▶ What this task involves: Write the listing below out again word for word, without a single picture.

▶ Given information:

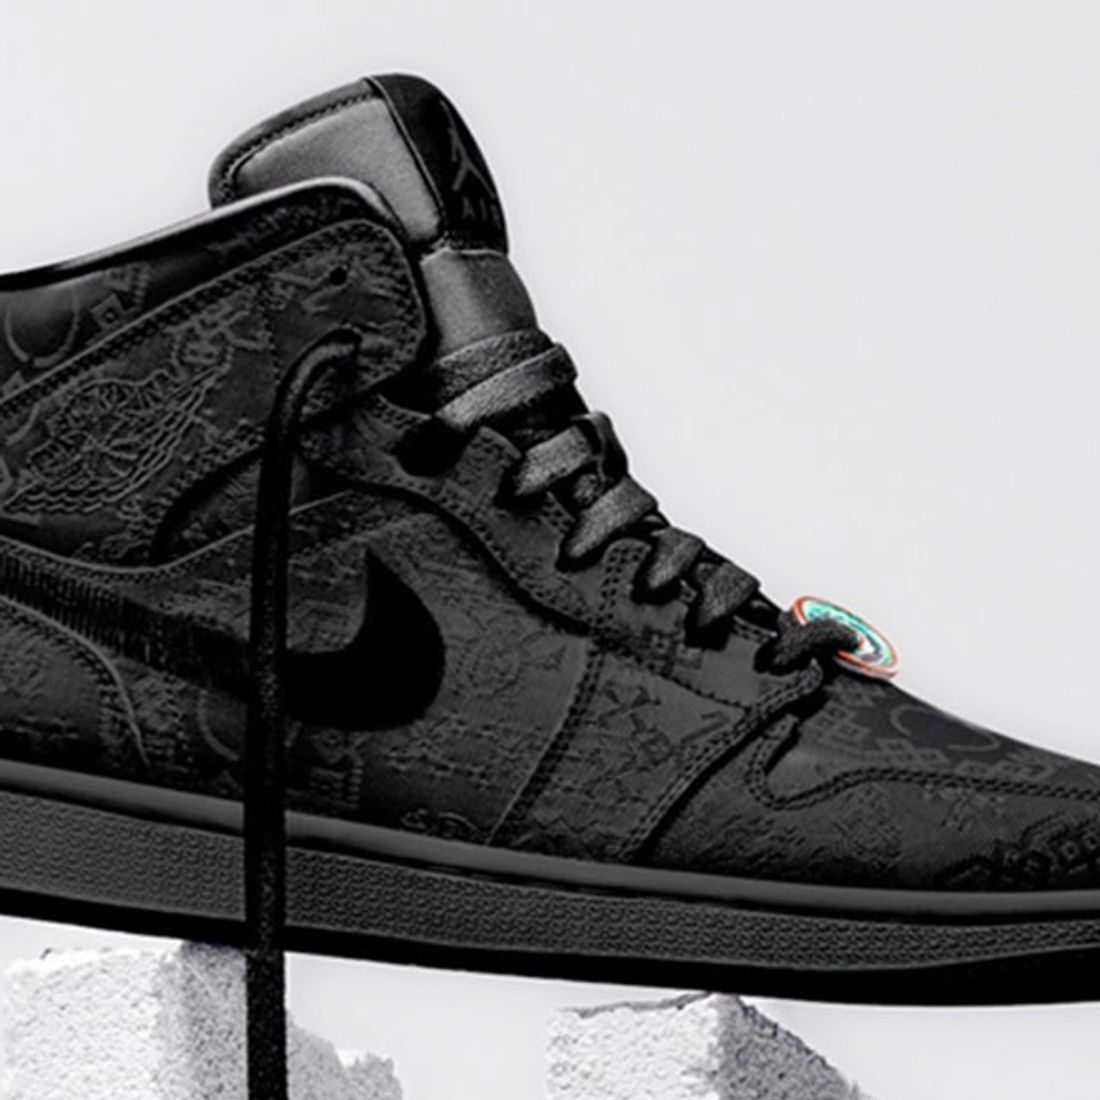 dilema paquete sostén The CLOT x Air Jordan 1 is Here for Black Friday - Sneaker Freaker
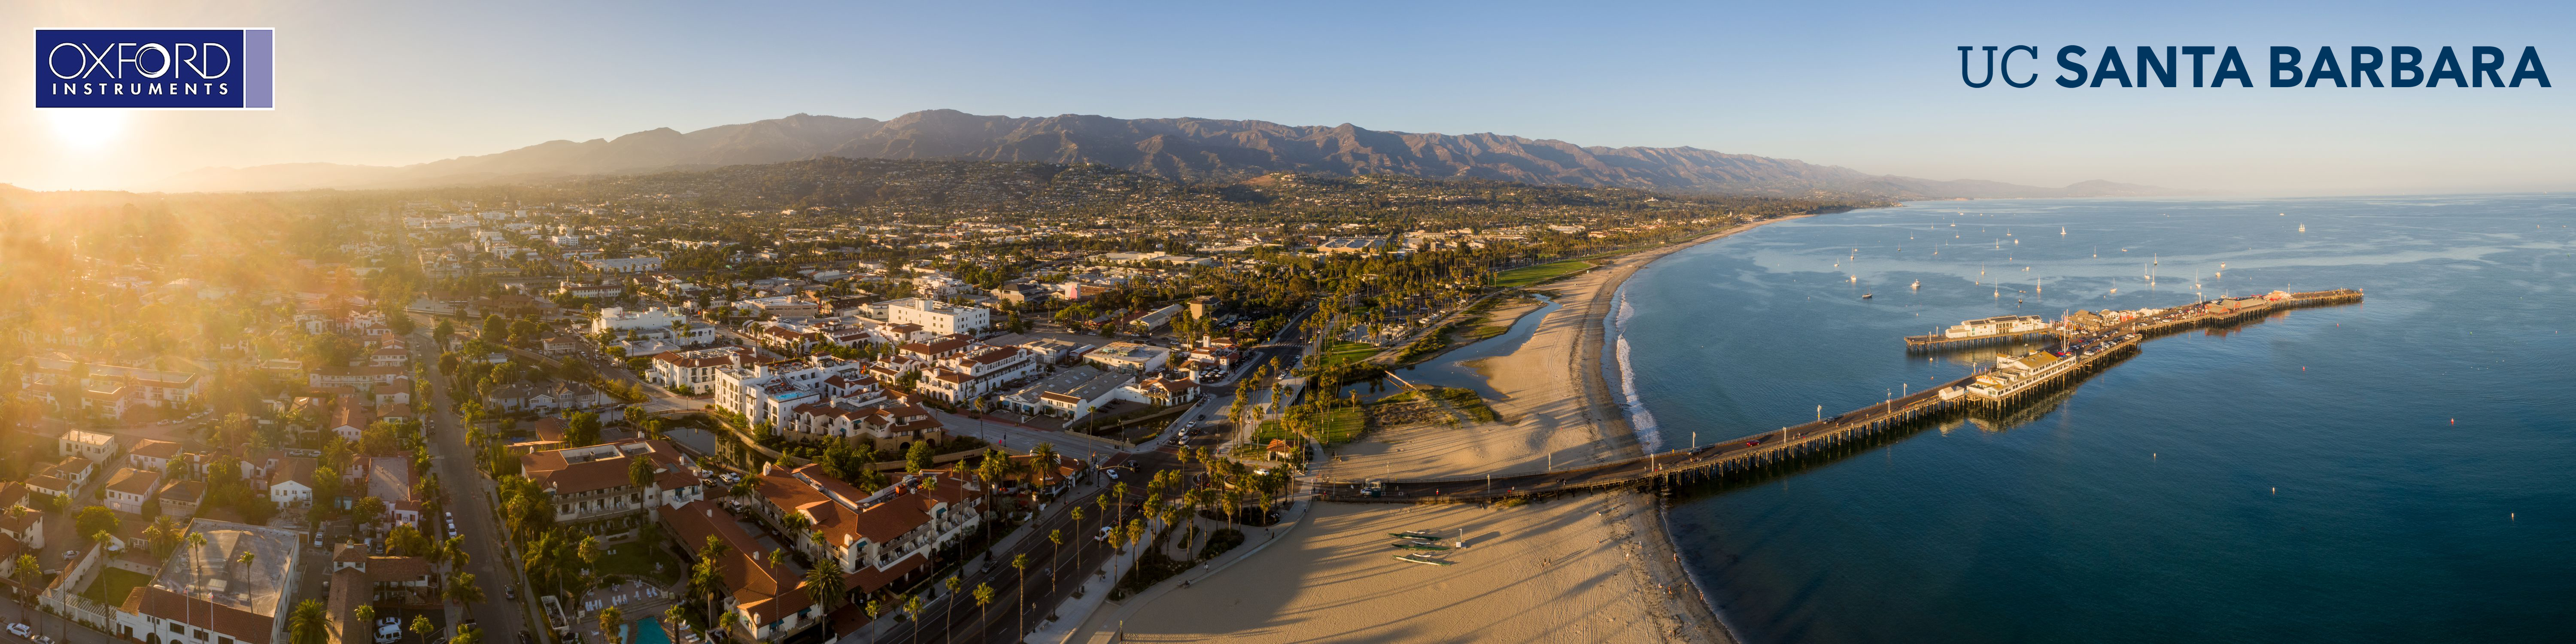 Scenic view of Santa Barbara, California coast
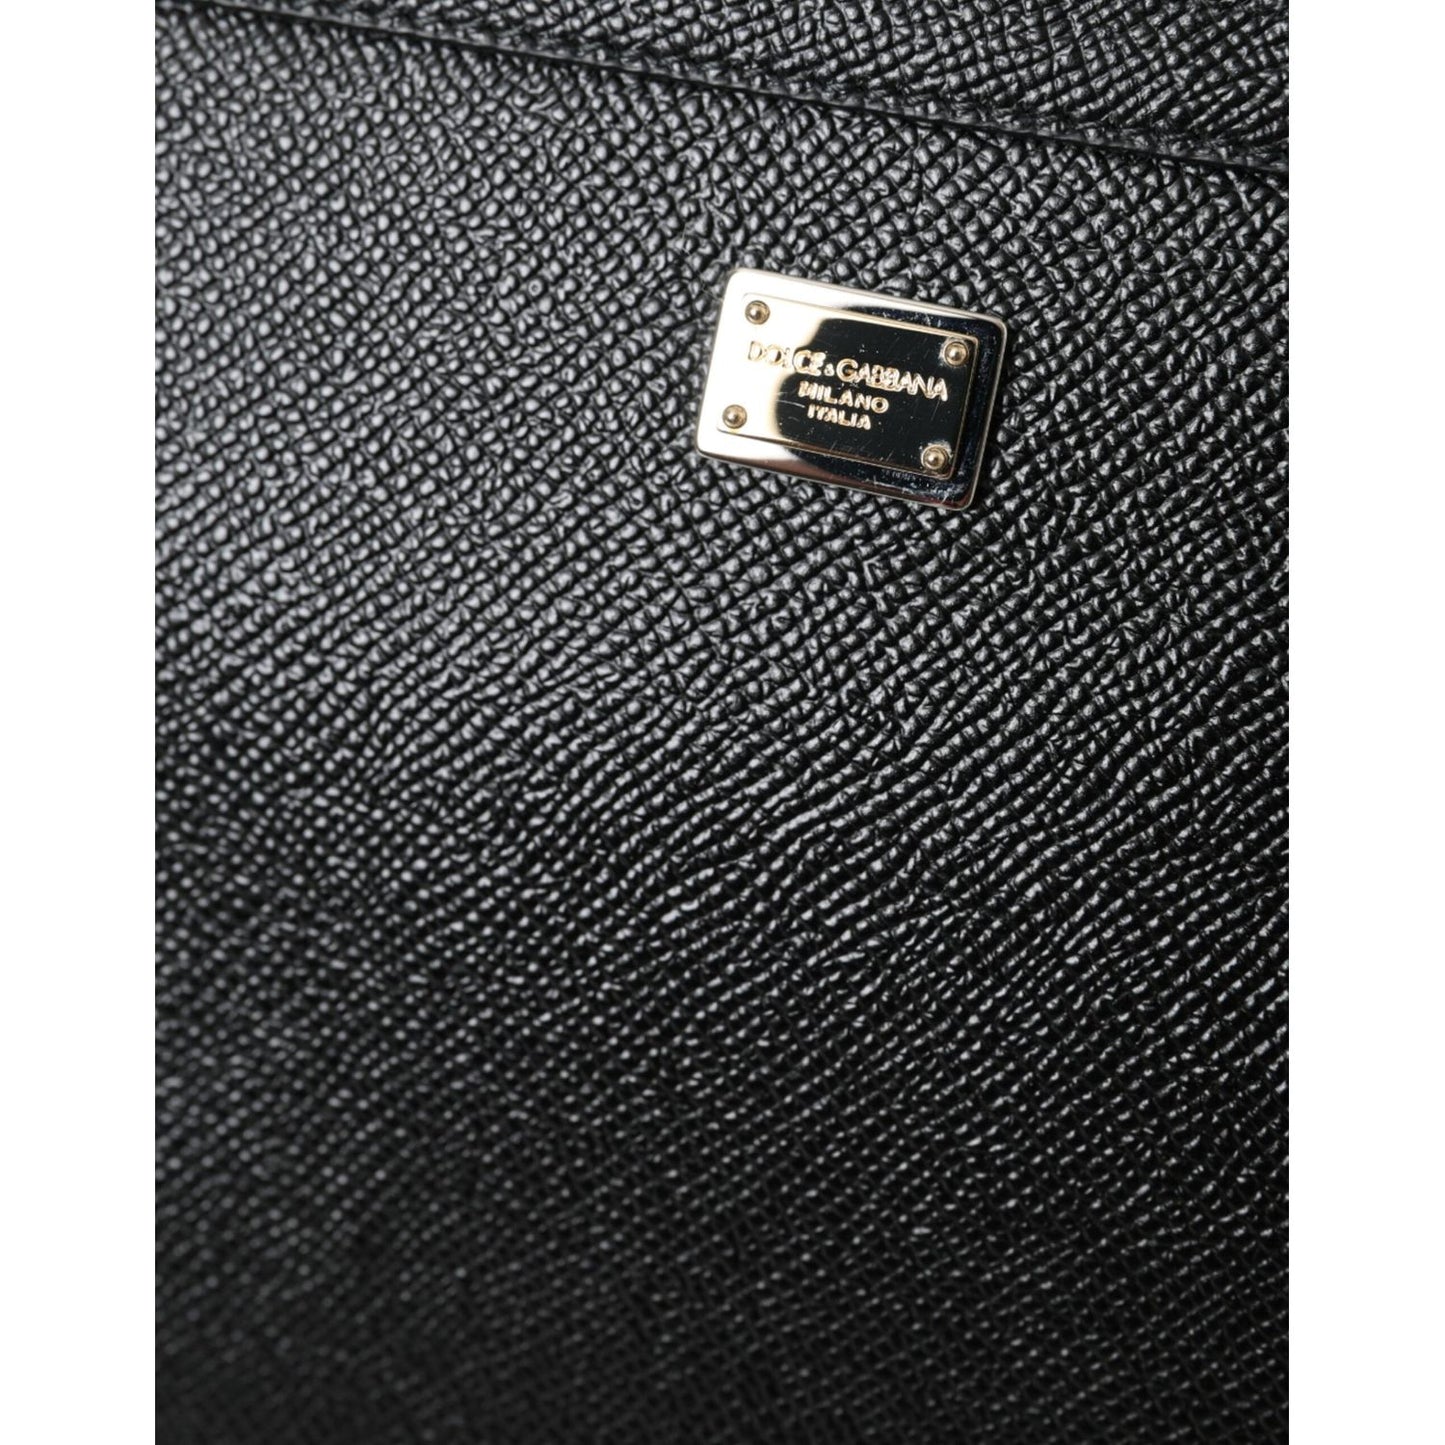 Black Leather #DGFamily Patch Top Handle Bag
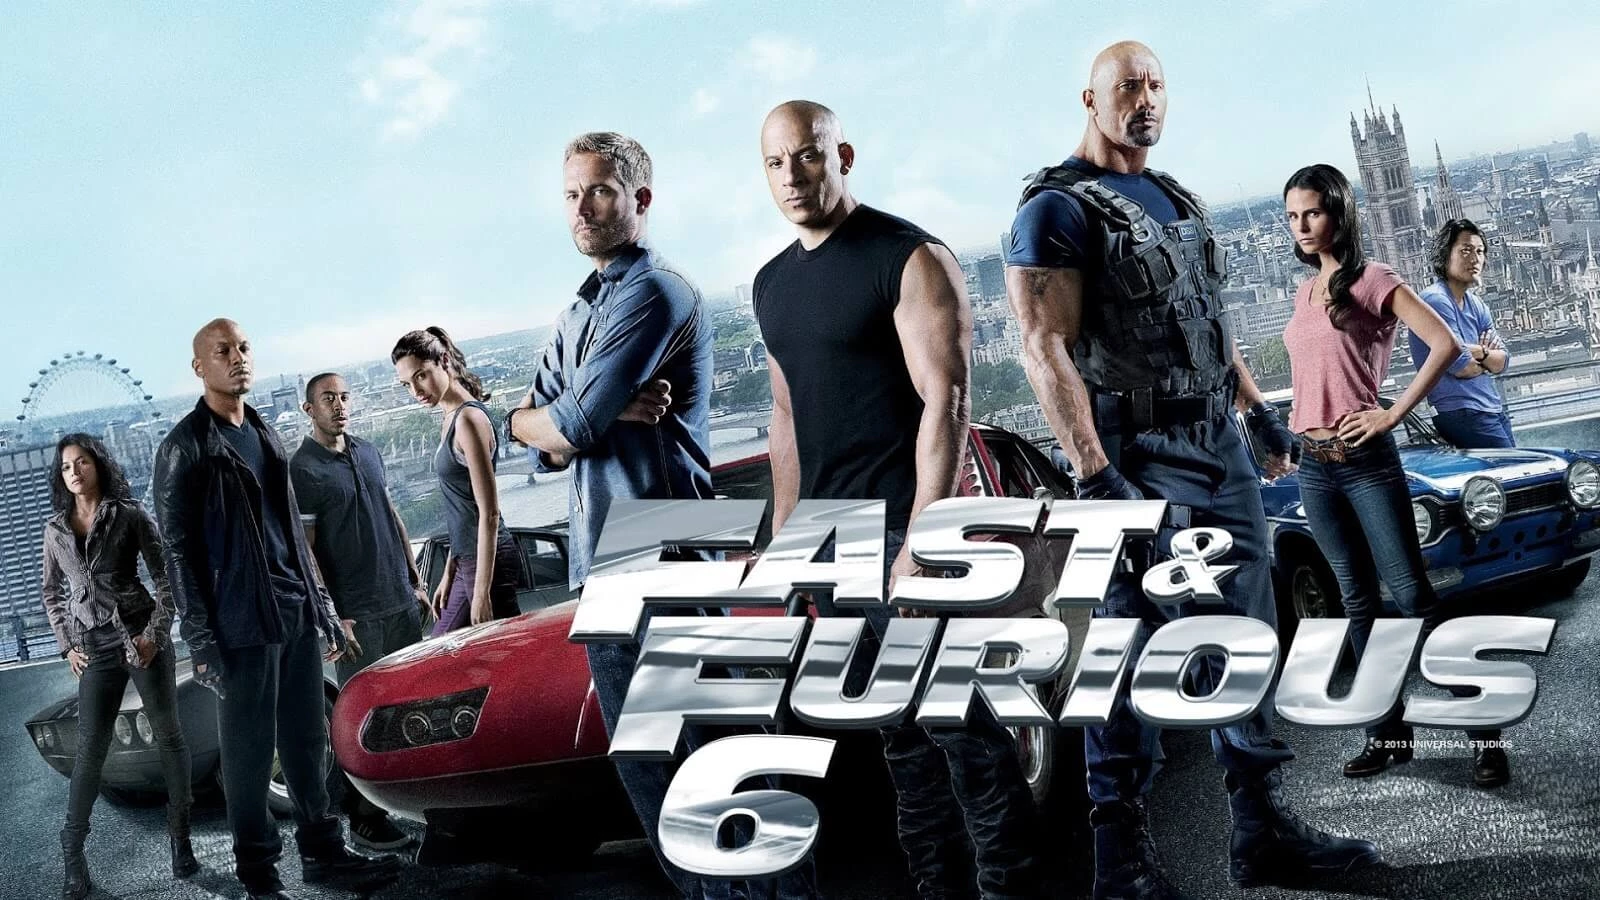 Fast & furious 6 (2013)

▶ Answer to this problem:
 dilema paquete sostén The CLOT x Air Jordan 1 is Here for Black Friday - Sneaker Freaker
 Scenic view of Santa Barbara, California coast
 Black Leather #DGFamily Patch Top Handle Bag
 Fast & furious 6 (2013)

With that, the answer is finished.